Study characteristics
Methods Study design: RCT
Setting: Private IVF clinic
Period:NS
Participants Patient(s):
144 women in their first ART cycle who had at least one blastocyst but who, to prevent the development of ovarian hyperstimulation syndrome (OHSS), had not yet undergone fresh embryo transfer in stimulated cycles.
Their blastocysts were therefore cryopreserved for frozen‐thaw embryo transfer in the study cycle.
Exclusion criteria: Patients with hydrosalpinx
48 women in the BT group (23 with low‐grade blastocysts, 25 with high‐grade blastocysts)
48 women in the ST group who had culture medium injected into the uterus before BT (19 with low‐grade blastocysts, 29 with high‐grade blastocysts)
48 women in the SEET group (23 with low‐grade blastocysts, 25 with high‐grade blastocysts)
Baseline characteristics
Age of patient (years)
Period of infertility (months)
Basal FSH level (mIU/mL)
No. of oocytes retrieved
No. of oocytes fertilised
Interventions Injection of embryo culture supernatant and injection of culture medium
Outcomes Main outcome measure(s):
No. of chemical pregnancies
Implantation rate per embryo (%)
No. of clinical pregnancies
Clinical pregnancy rate per transfer (%)
Low grade blastocysts
High grade blastocysts
Notes 48 women in the BT group who underwent BT (control), 48 women in the stimulation group (ST) who had culture medium injected into the uterus before BT, and 48 women in the SEET group who had ECS injected into the uterus before BT.
A single frozen‐thawed blastocyst was transferred in the hormonal replacement cycle in the study.

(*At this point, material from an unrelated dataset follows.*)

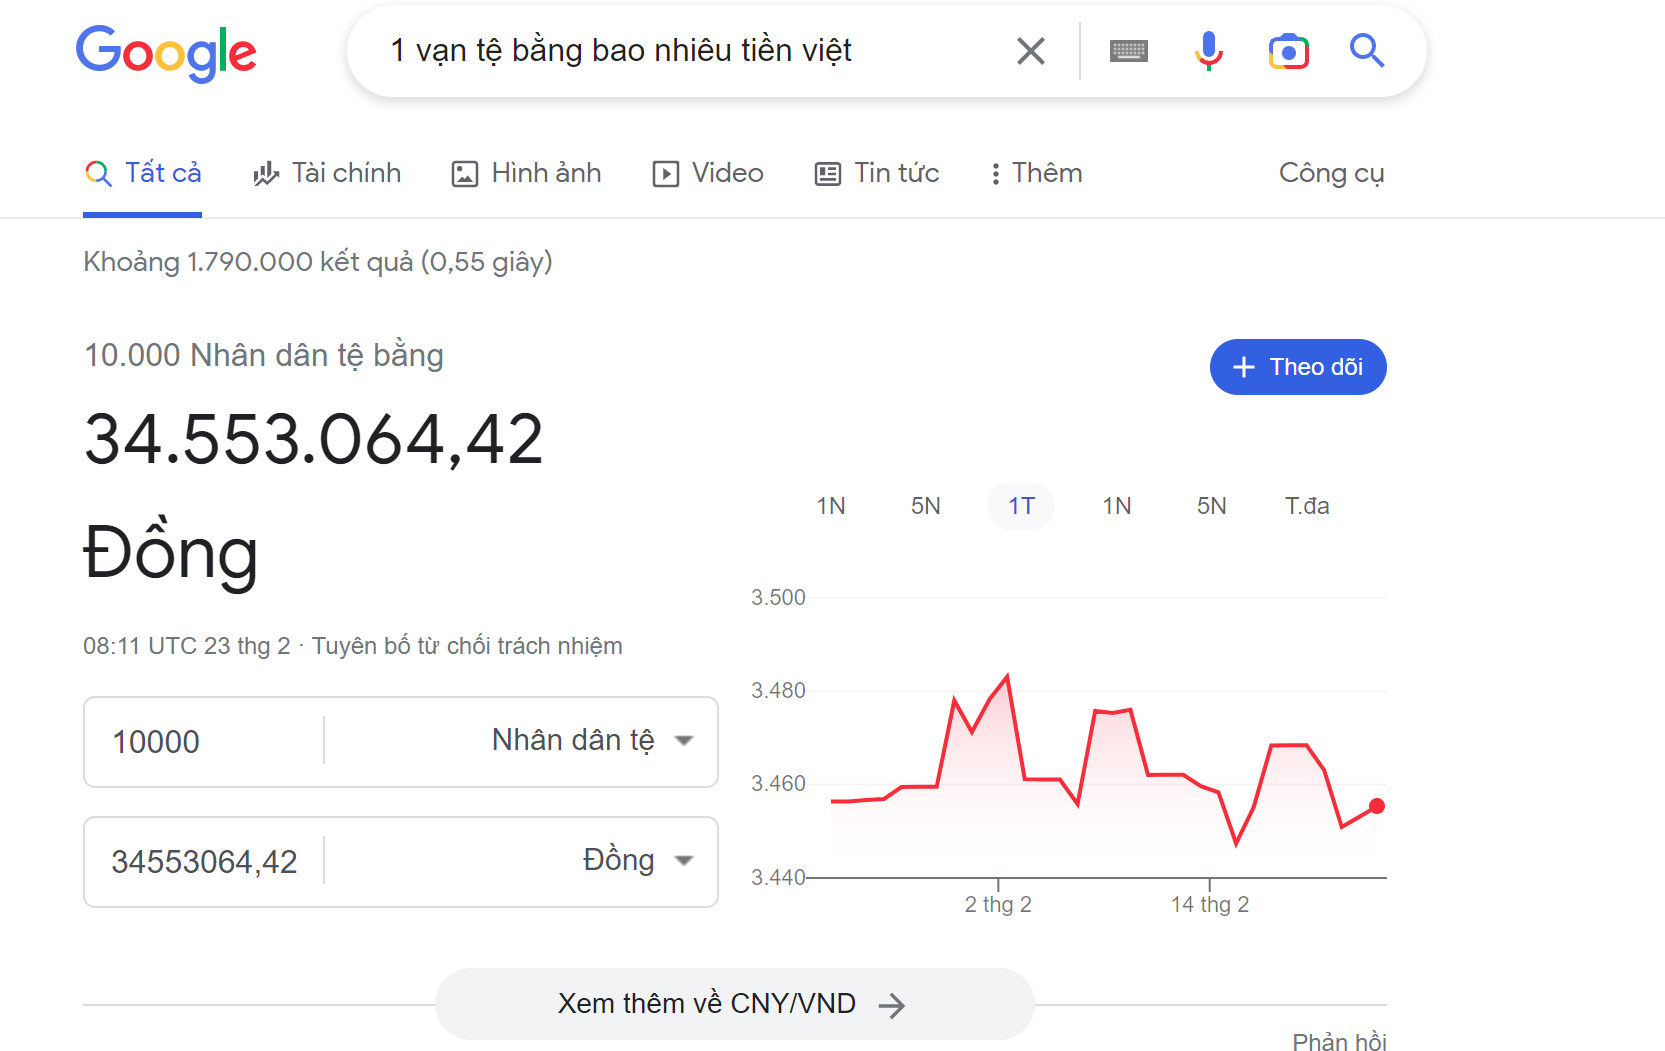 Kết quả khi tra cứu tỷ giá 1 vạn tệ bằng bao nhiêu tiền Việt qua Google

Written informed consent was obtained from the patients, and the entire procedure was examined and approved by the Institutional Review Board (IRB) of Hanabusa Women’s Clinic.
Risk of bias
Bias Authors' judgement Support for judgement
Random sequence generation (selection bias) Low risk Patients were randomised into three groups using colour‐marble lots drawn by a technician blinded to patient information
Allocation concealment (selection bias) Unclear risk Method not described in detail
Blinding of participants and personnel (performance bias)
All outcomes High risk Not described
Blinding of outcome assessment (detection bias)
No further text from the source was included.